= Eurasian Observatory for Democracy and Elections =

Russia-based non-governmental organization

Eurasian Observatory for Democracy and Elections (EODE) is a Russia-based Eurasianist non-governmental organization which on its website claims that it monitors elections.
According to its website, it specializes in the "self-proclaimed republics" (Abkhazia, Transnistria, Nagorno-Karabakh).
It is led by the Belgian activist Luc Michel and Jean-Pierre Vandersmissen. Both Michel and Vandermissen are followers of the Belgian Neo-Nazi politician Jean-François Thiriart.
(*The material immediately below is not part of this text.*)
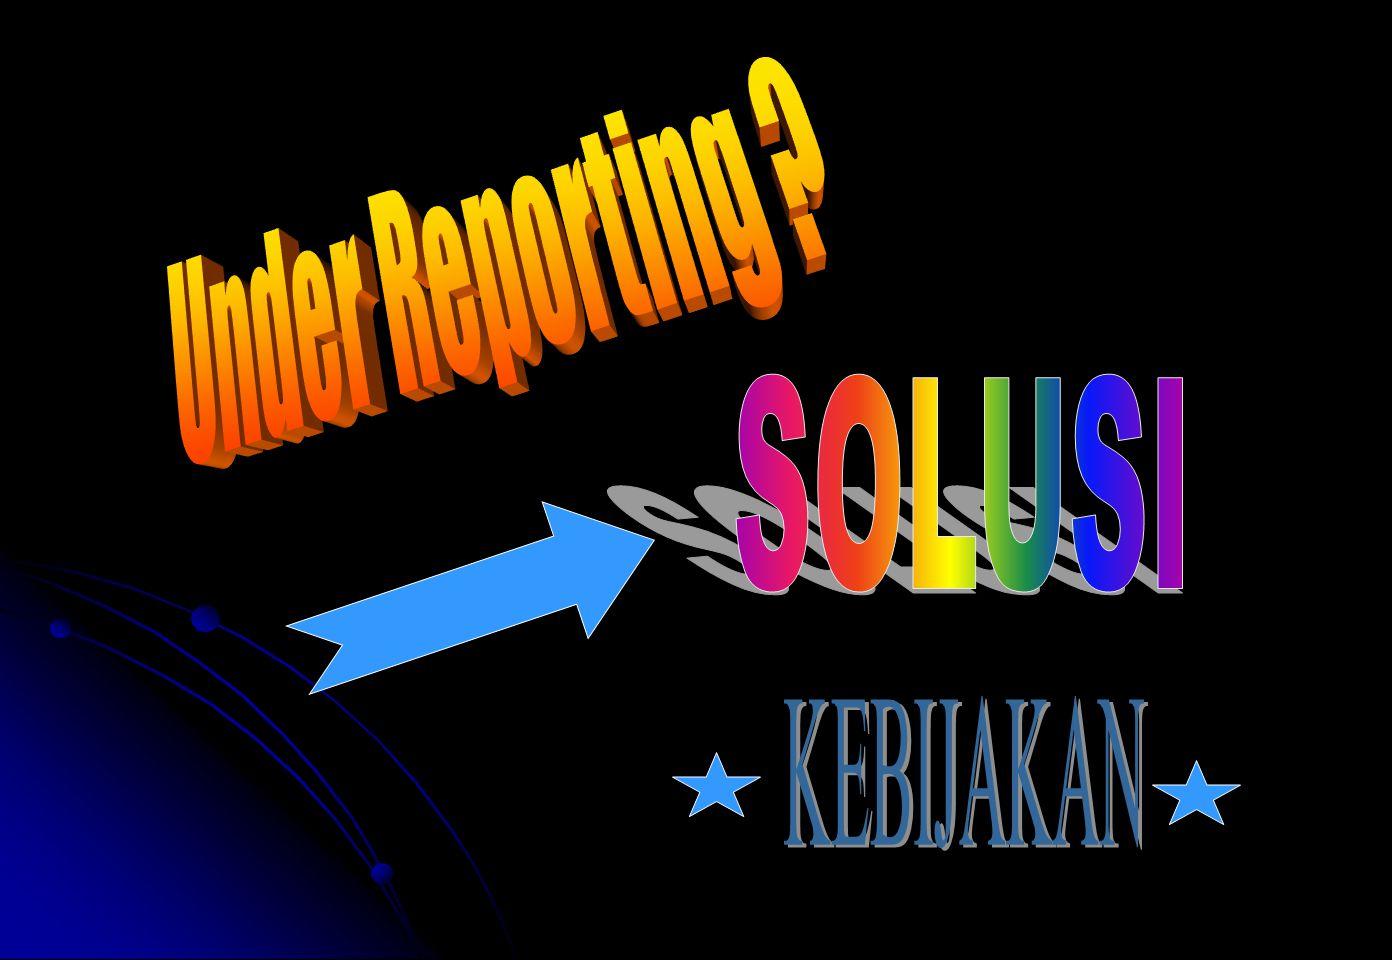 Under Reporting SOLUSI KEBIJAKAN

Oliver Bullough, writing for The New Republic, reported in 2014 that the organization stated on its website that it shared the values of "the current Russian leadership and V. V. Putin." The organization states that is committed to a multi-polar world and is critical of what it sees as a unipolar world dominated in the twenty-first century by the United States and NATO. It is opposed to the imposition of western values and the identification of the western-style parliamentary system of democracy as a universal norm not open to criticism.

EODE visited Crimea during the 2014 Crimean referendum and claimed that the referendum was conducted in a legitimate manner.

The organization has offices in Moscow, Paris, Brussels, Sochi and Chișinău.